В тот день к нему прибежал, незваный, его брат
— Что она написала?
Он молча кивнул на стол, где лежала записка. На клочке бумаги было написано одно слово: «Надоело».
Ему нужно было успеть. Все это время он терпел, потому что была Анита и потому что Аните было нужно, чтобы он терпел. После того как Анита окончательно ушла, терпение стало ненужным и бессмысленным, даже вредным. Ему нужно было успеть вписать последнее имя в тот список, который он вел уже давно, начав с той женщины, которая тоже, как и Анита, не улыбалась. Или улыбалась, хотя бы иногда? Он не помнил. Лучше бы не улыбалась. Его раздражали улыбки, раздражали люди, его раздражало все вокруг, почти физически причиняя боль своим существованием. Для того чтобы убить человека, не нужно особенно напрягаться. Наоборот, нужно расслабиться и расслабить те силы, которые постоянно держат в повиновении желание убивать всех, кто не играет твою игру. Он знал, что никогда не сможет убить Аниту и что тем, что делает, убивает себя, — но это был единственный способ показать тем двоим хотя бы край той бездны, куда они сбросили его, соединив усилия. Пока Анита соглашалась с ним жить, он щадил ее, жалея и пытаясь дать иллюзию свободы, в которой она нуждалась. Но теперь, когда она перестала нуждаться в нем самом, он мог освободиться от необходимости ее жалеть. Ему важно было сделать последний шаг — до того как раскаленная красная пена окончательно зальет глаза и весь мир превратится в бурлящий котлован ненависти такой силы, что уже неважно, сколько нелюбимых тобой людей в нем жило. Ничья конкретная смерть ничего не меняет, но есть какие-то вещи, которые нужно успеть. Он хотел успеть уничтожить гоя из города.

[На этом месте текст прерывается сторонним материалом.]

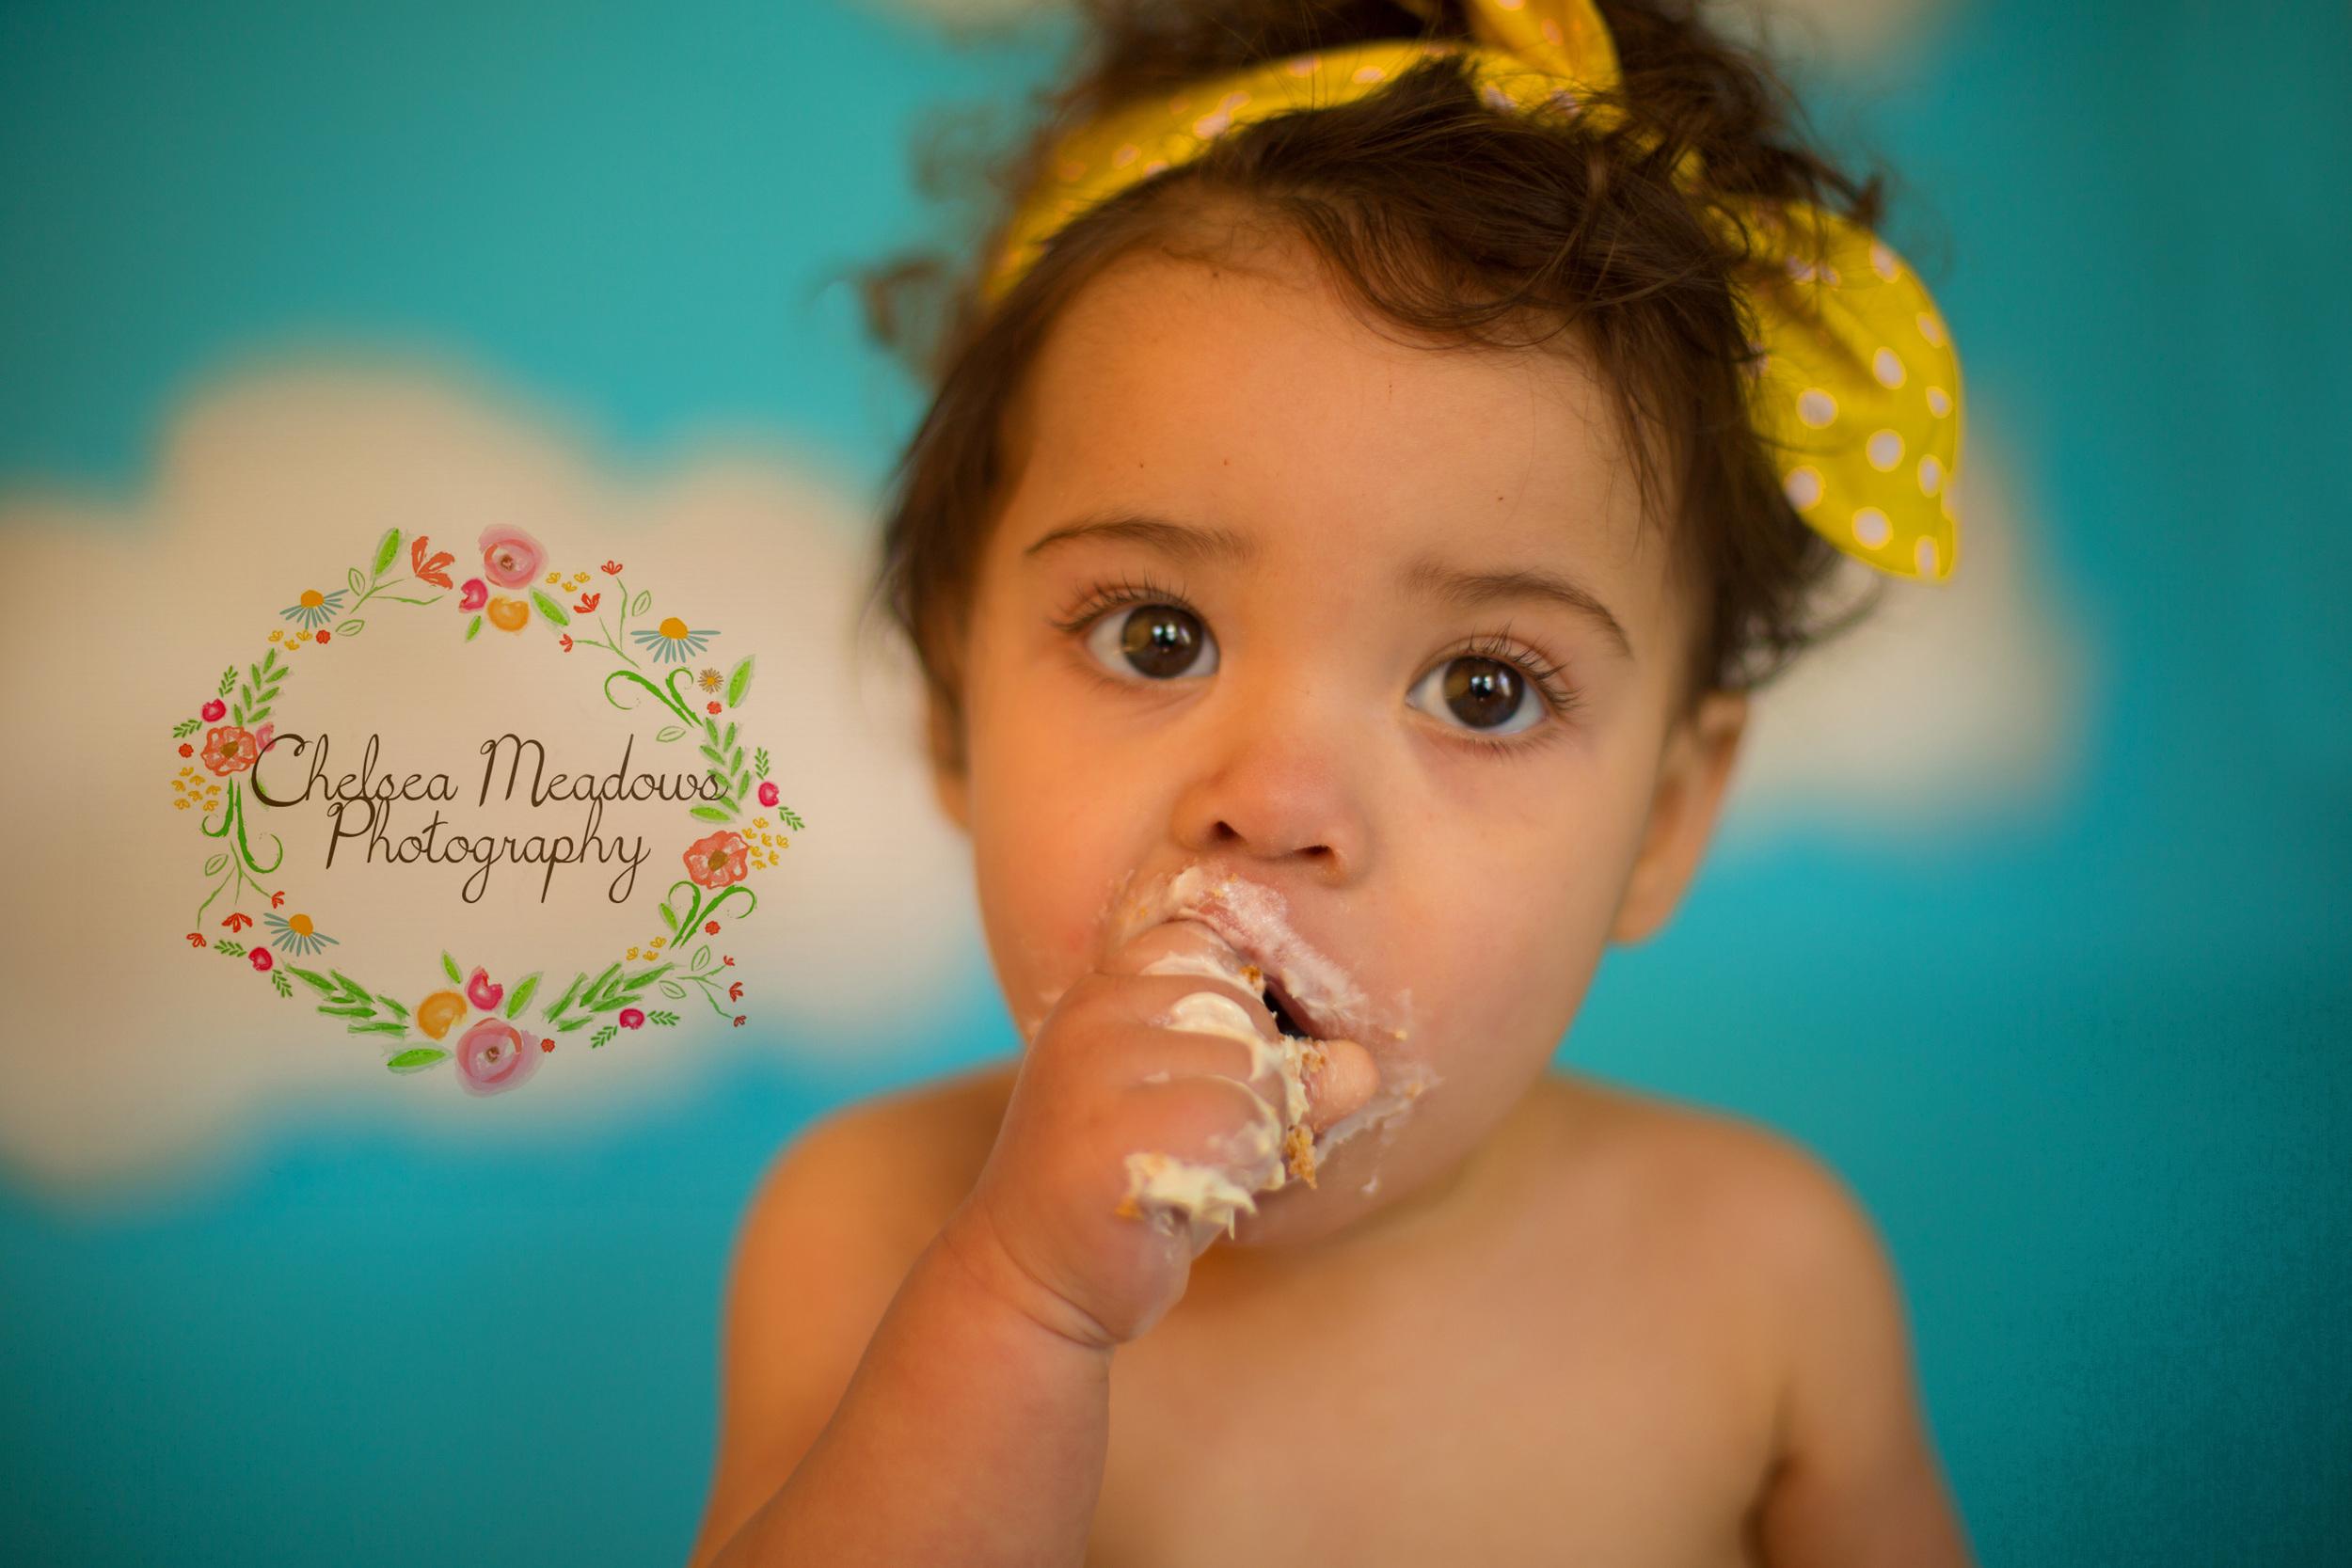 Nardi Family Photos - Chelsea Meadows Photography (31).jpg
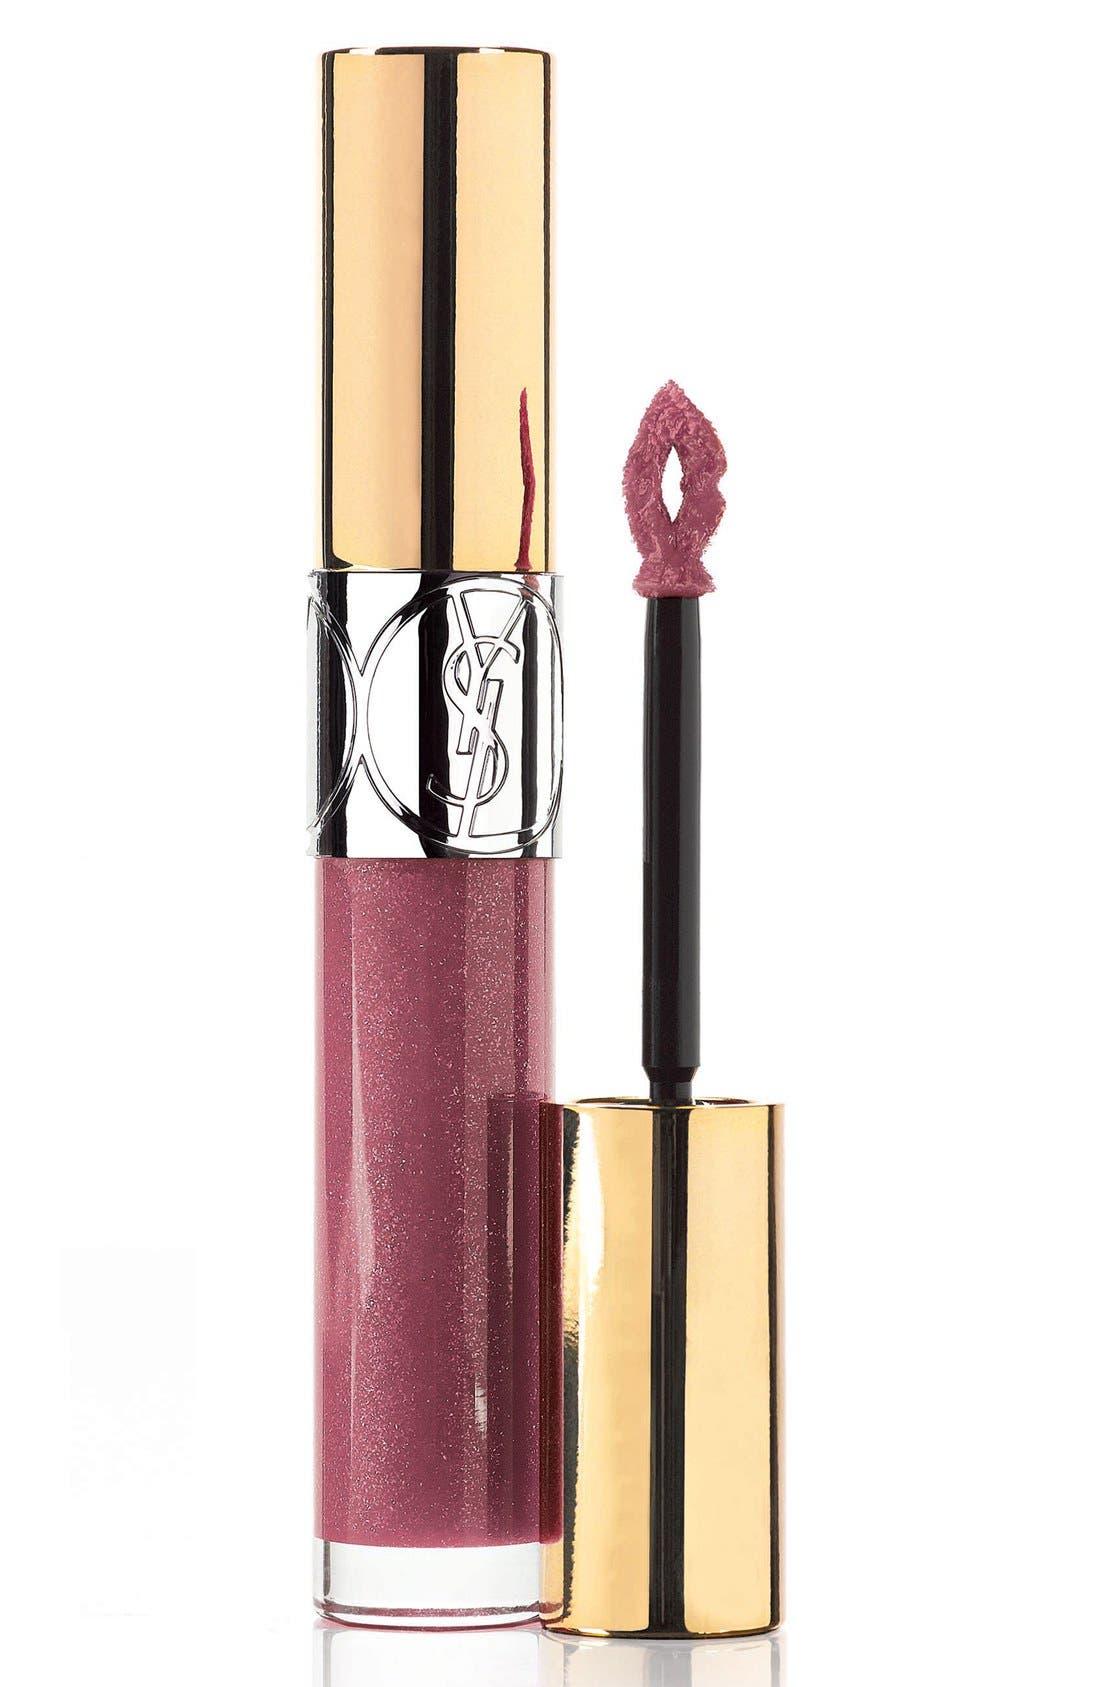 Yves Saint Laurent 'Savage Summer - Gloss Volupte' Lip Gloss

На любую работу нужно время. Он совсем перестал открывать входную дверь, прекратил покупать еду (ему теперь не нужна была еда), и камни, с грохотом катящиеся с белой горы, превратились в сплошной раскаленный поток, уверенно давящий гору — до тех пор, пока гора не сравняется с землей или не сойдет с места. Гора подрагивала, но стояла. Камни летели. В его дверь постоянно стучались люди: обеспокоенный Яким; любопытный Ариэль, пытавшийся заглядывать в окна и тонким голосом просивший его откликнуться; сутулый Менахем, который явно сдал в тот год. Скрип ступеней под их ногами был ему хорошо знаком, он без труда различал людей по шагам и не открывал никому из них. Он торопился, опережая красную пелену, все ниже и ниже спадавшую на глаза. Он уже был немолод — его горло сжималось, глаза почти ничего не видели из-за жара, пальцы дрожали, набирая в пригоршни пыль, — но в один из дней, с утра, гора дрогнула и начала оседать. Он успел.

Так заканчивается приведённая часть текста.